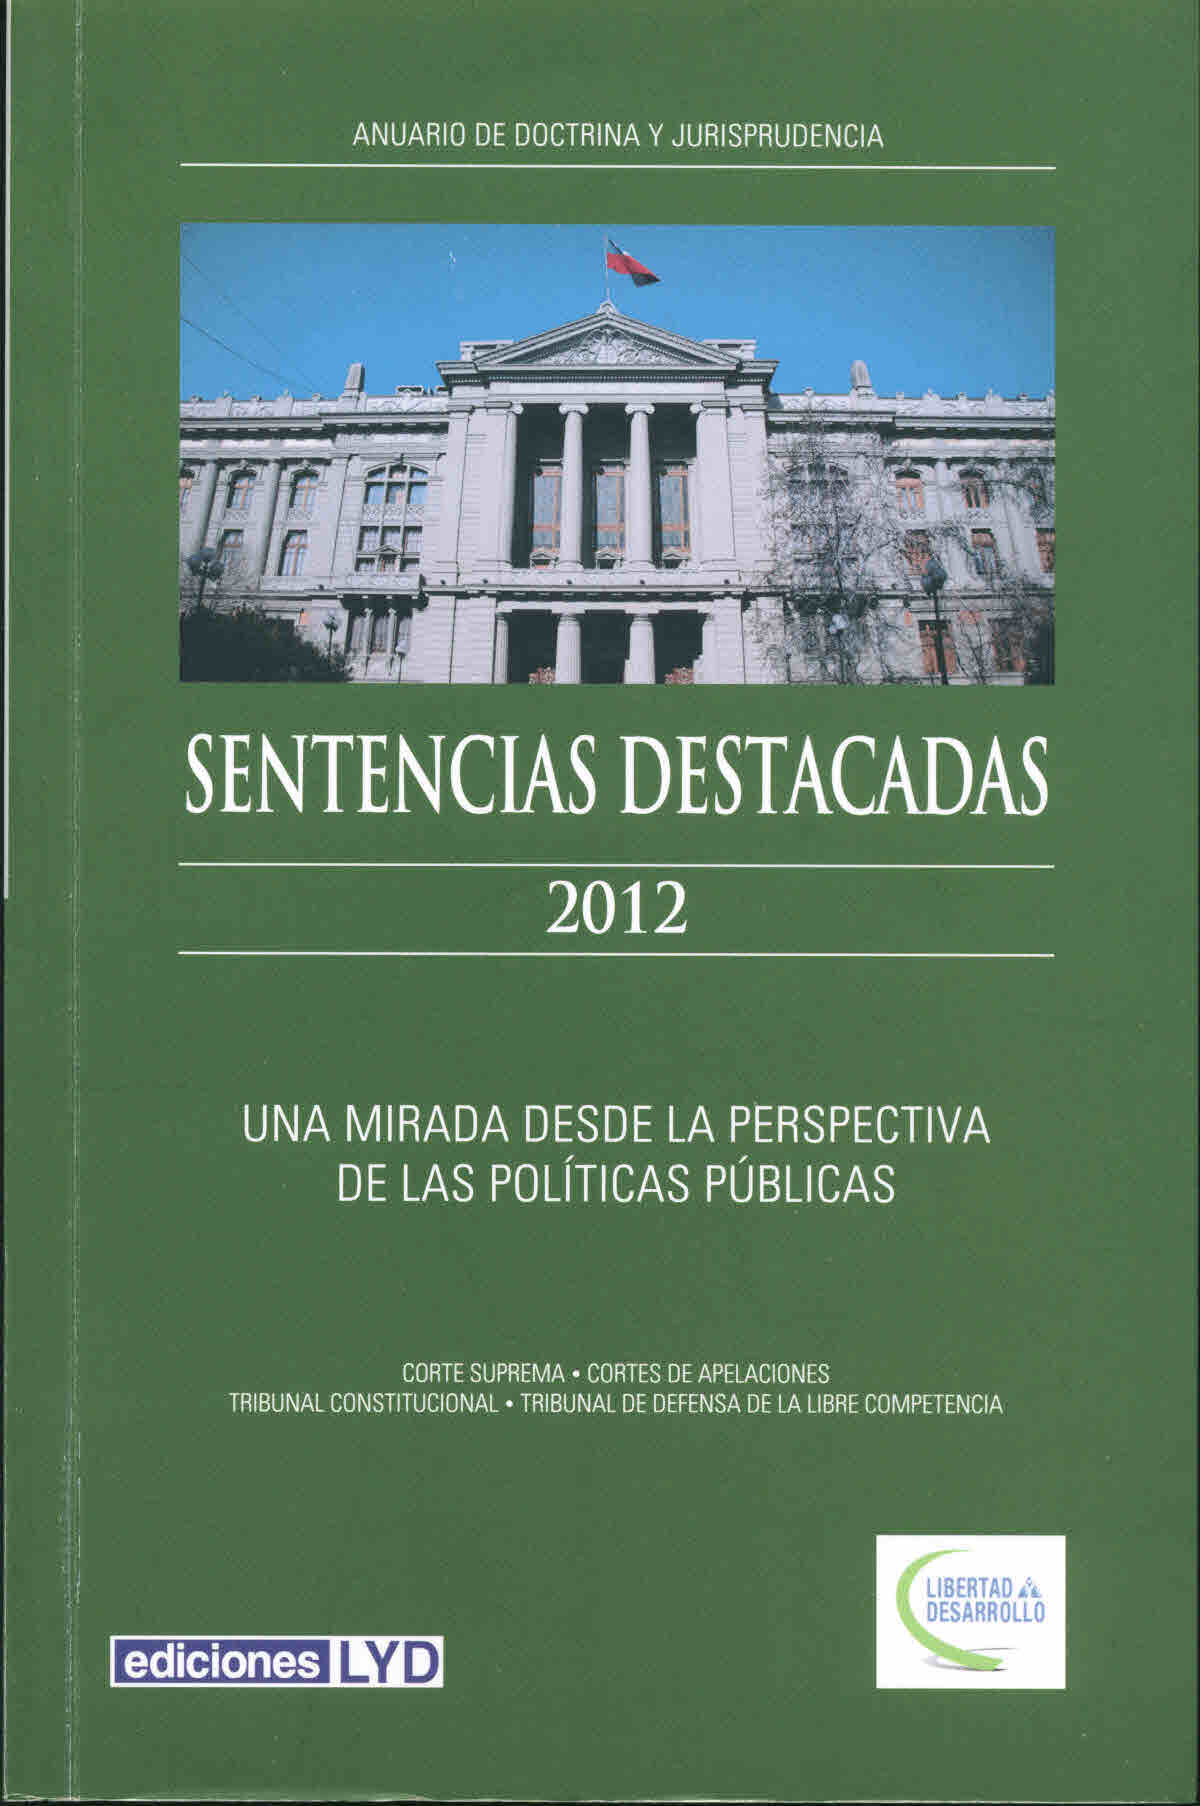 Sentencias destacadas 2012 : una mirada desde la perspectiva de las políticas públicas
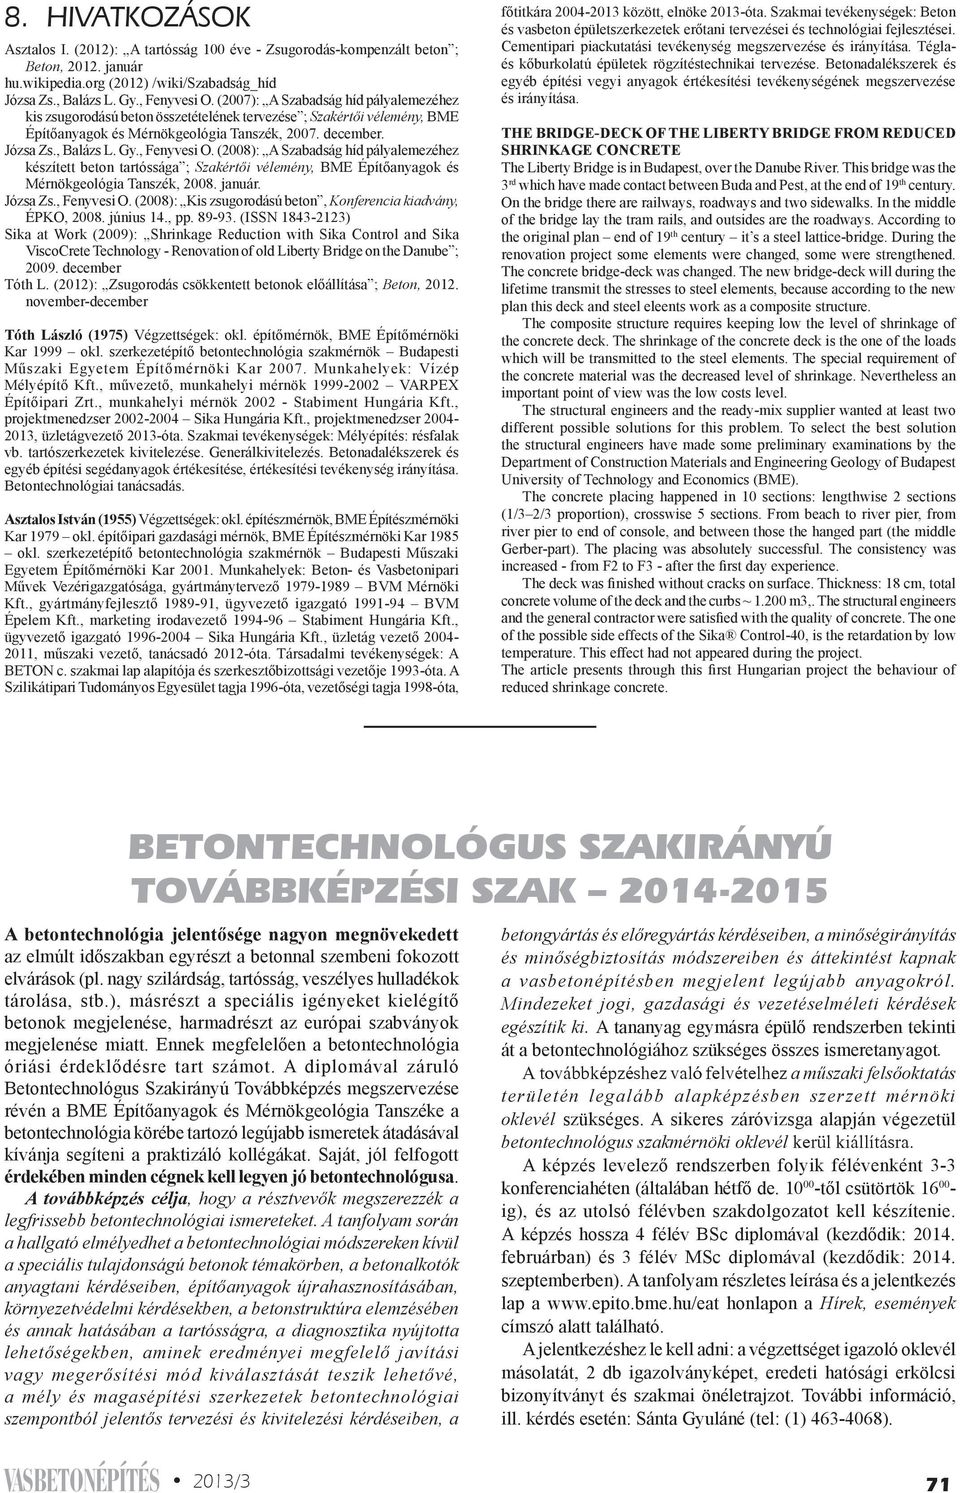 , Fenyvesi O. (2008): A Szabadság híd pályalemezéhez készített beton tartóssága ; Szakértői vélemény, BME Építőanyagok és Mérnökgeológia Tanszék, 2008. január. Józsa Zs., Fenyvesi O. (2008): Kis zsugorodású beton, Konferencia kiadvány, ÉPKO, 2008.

***

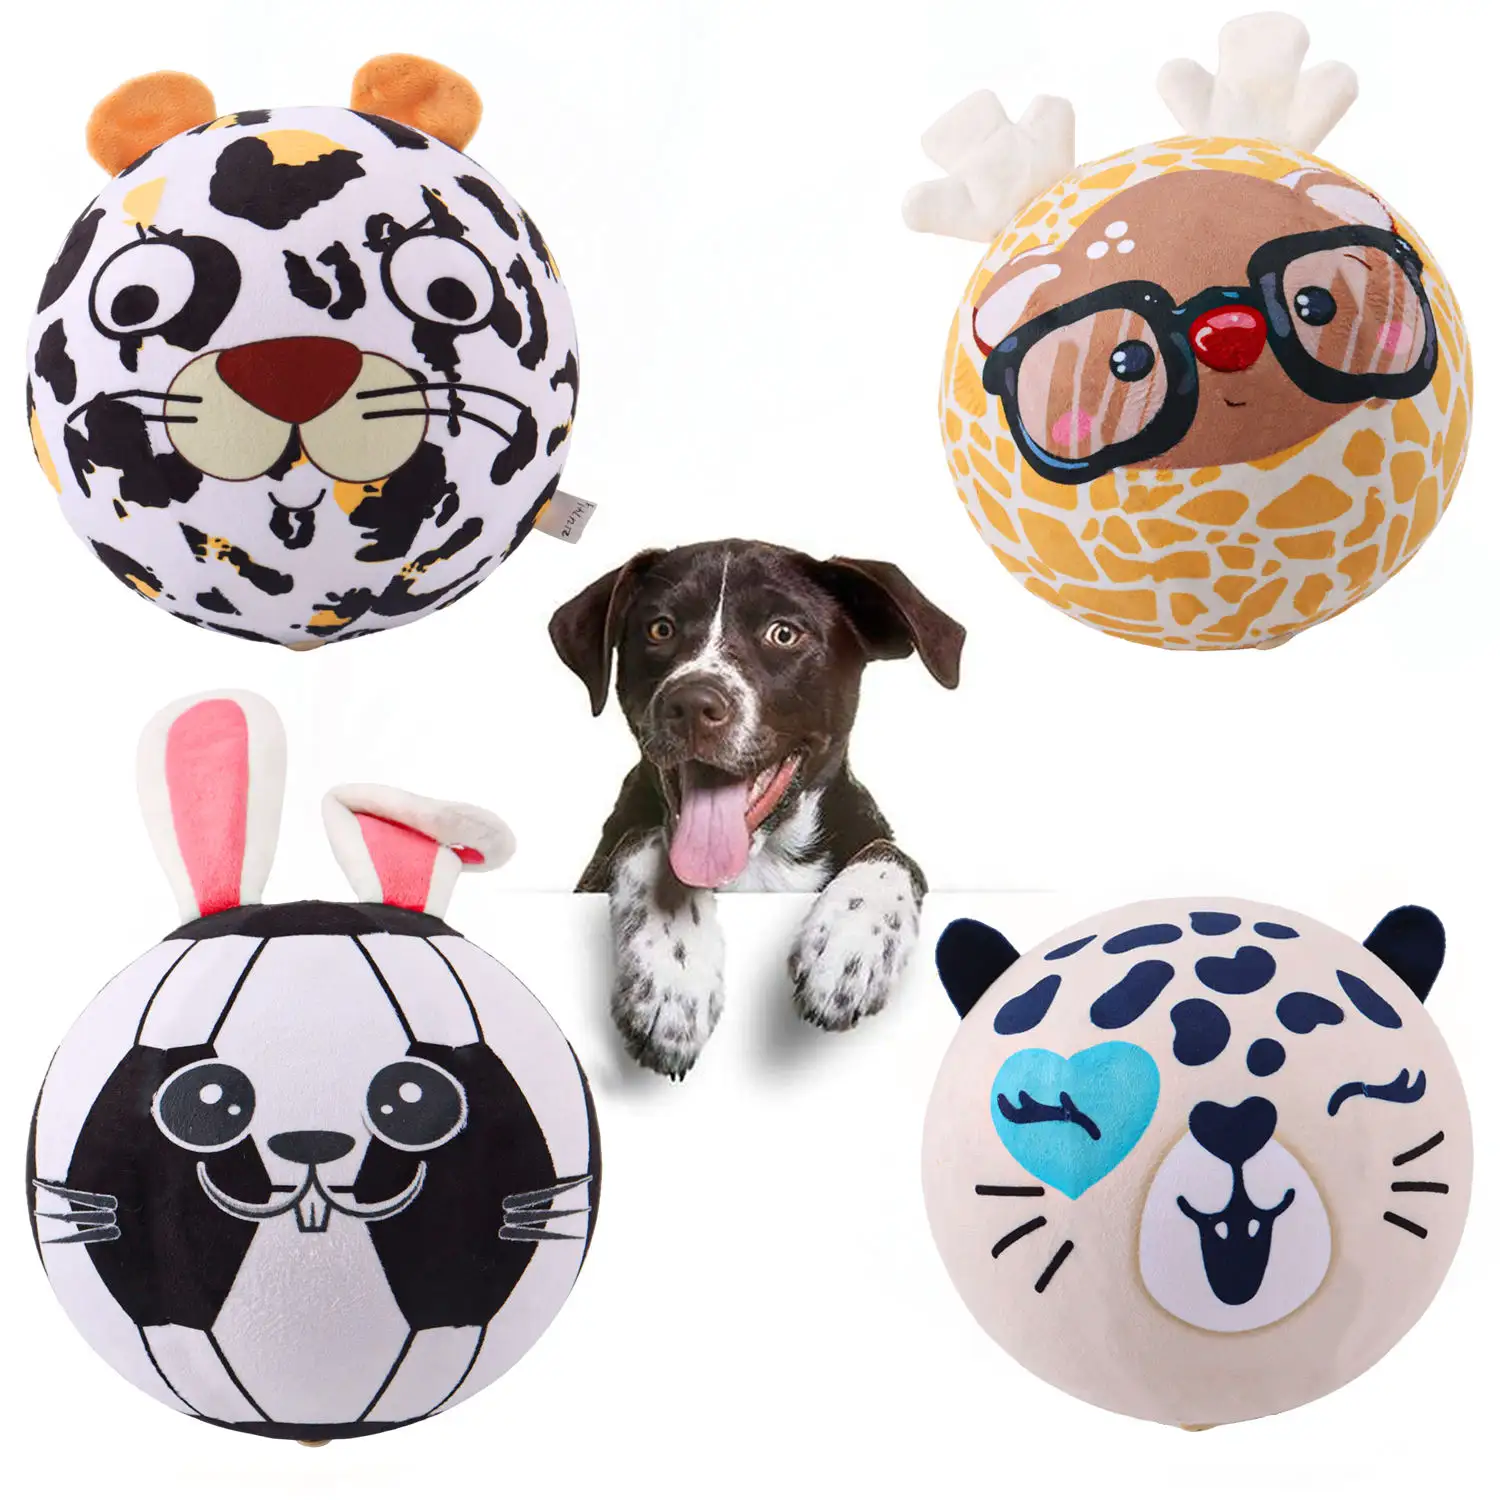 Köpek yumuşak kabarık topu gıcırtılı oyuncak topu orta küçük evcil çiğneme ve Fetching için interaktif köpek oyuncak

***

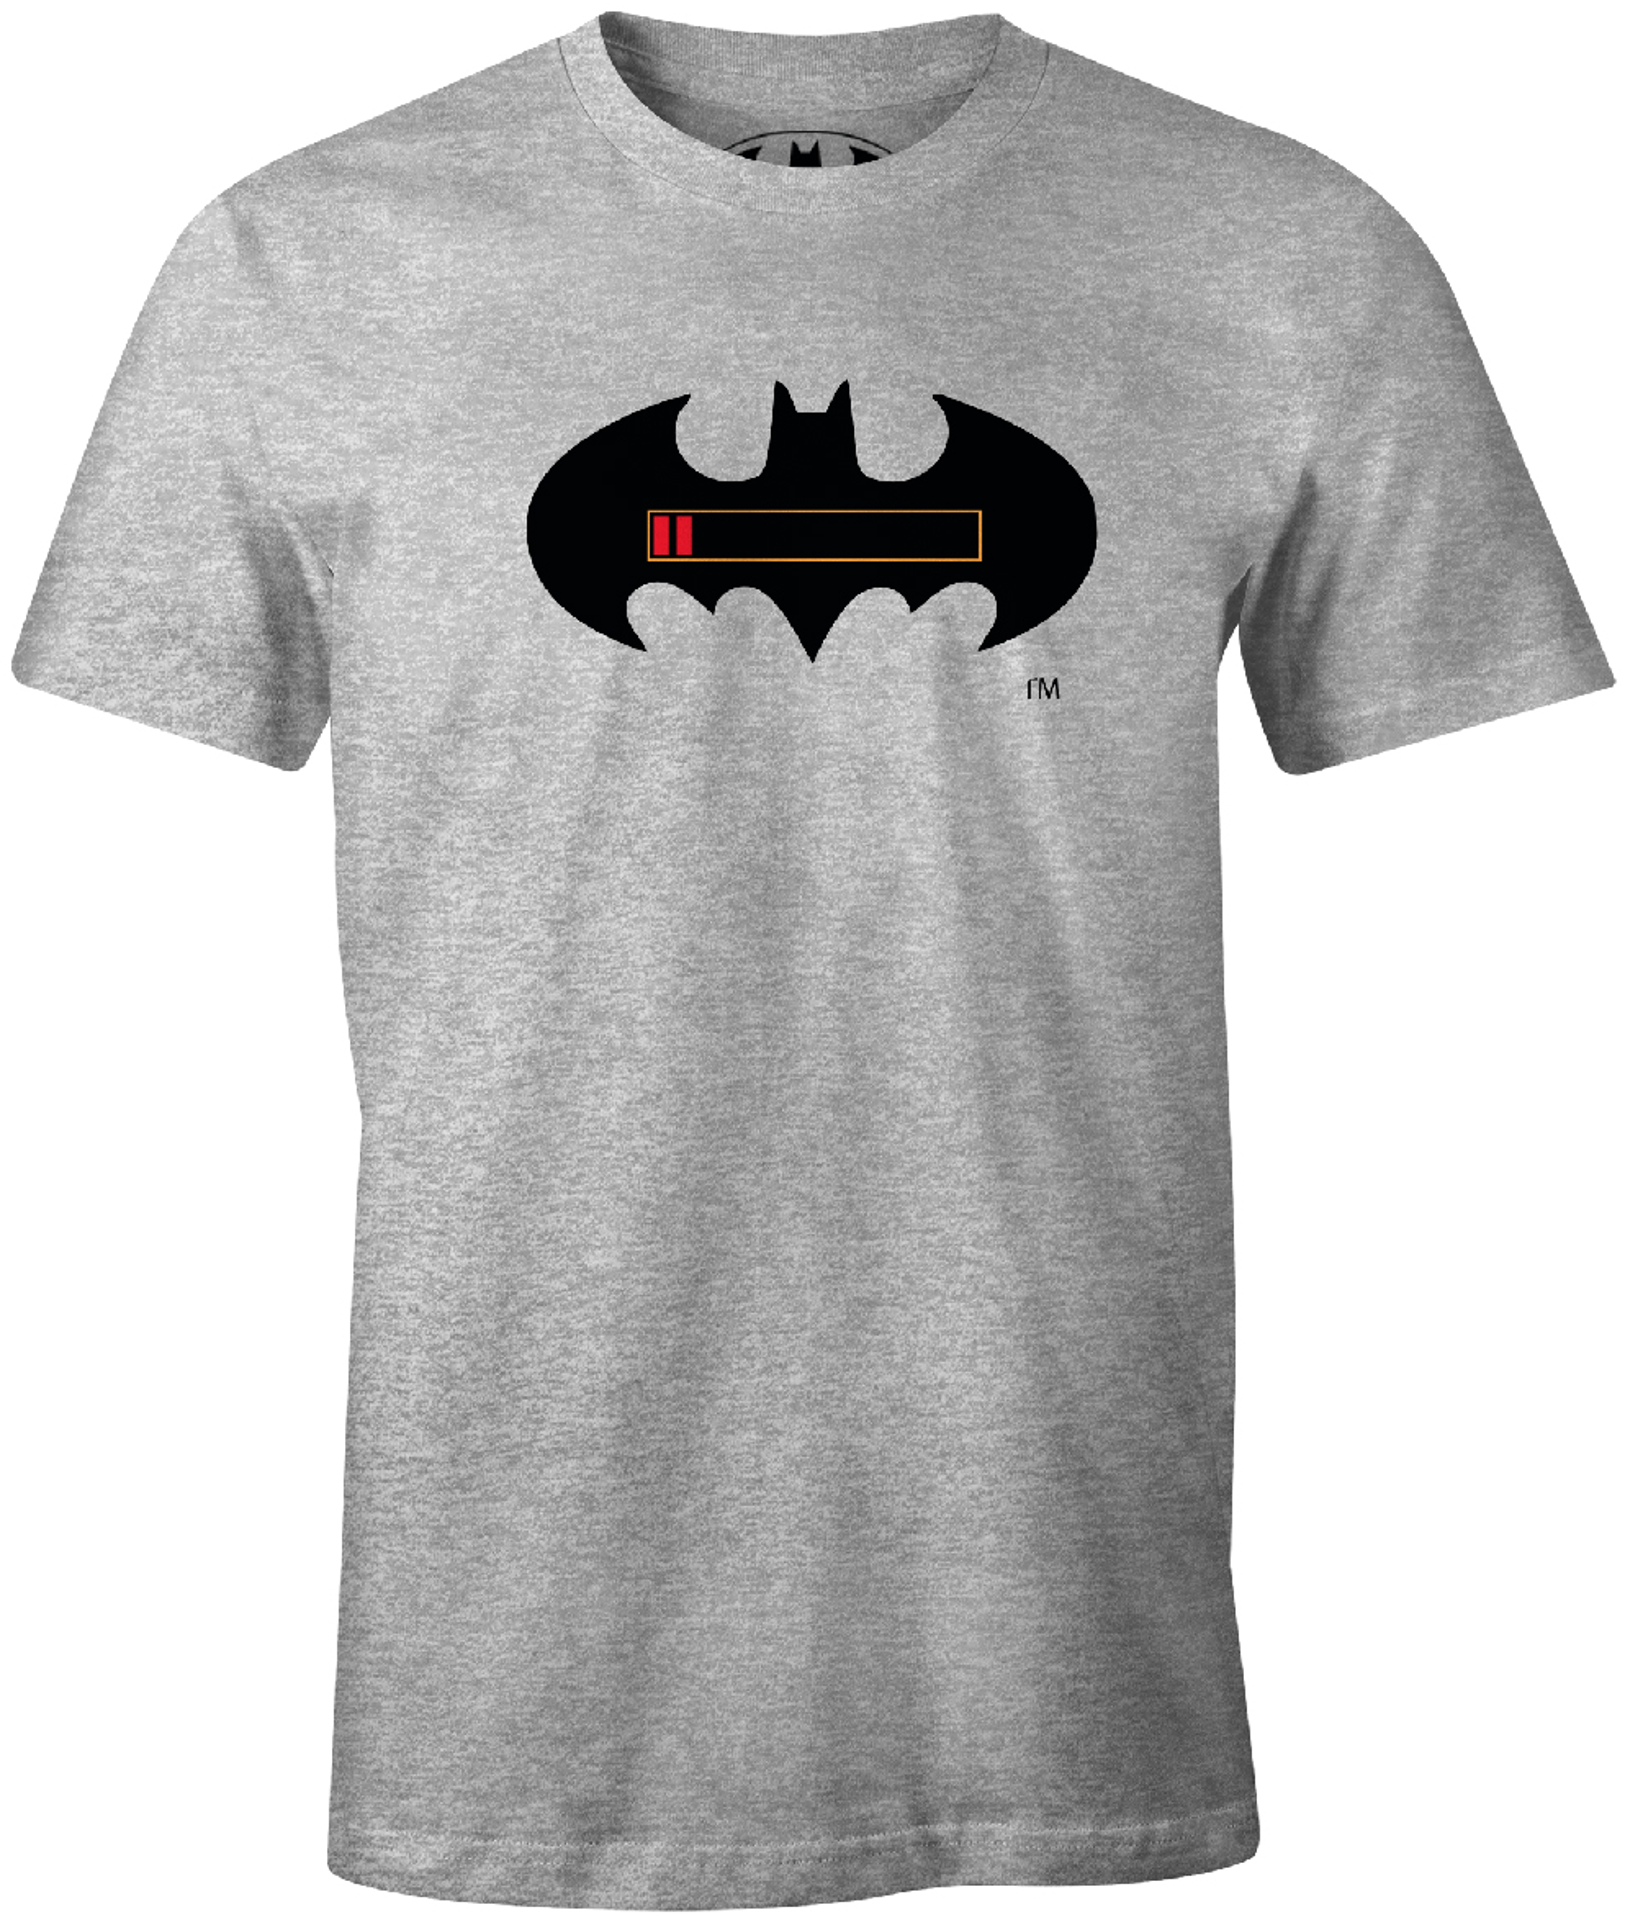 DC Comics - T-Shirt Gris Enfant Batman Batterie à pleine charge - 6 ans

***

■ **What you are asked to do**
Return the lines above from the one with "Sentencias destacadas 2012" through the one with "kiadvány, ÉPKO, 2008.", verbatim and nothing else. Omit every picture.

■ **Task solution**
 Sentencias destacadas 2012 : una mirada desde la perspectiva de las políticas públicas
 , Fenyvesi O. (2008): A Szabadság híd pályalemezéhez készített beton tartóssága ; Szakértői vélemény, BME Építőanyagok és Mérnökgeológia Tanszék, 2008. január. Józsa Zs., Fenyvesi O. (2008): Kis zsugorodású beton, Konferencia kiadvány, ÉPKO, 2008.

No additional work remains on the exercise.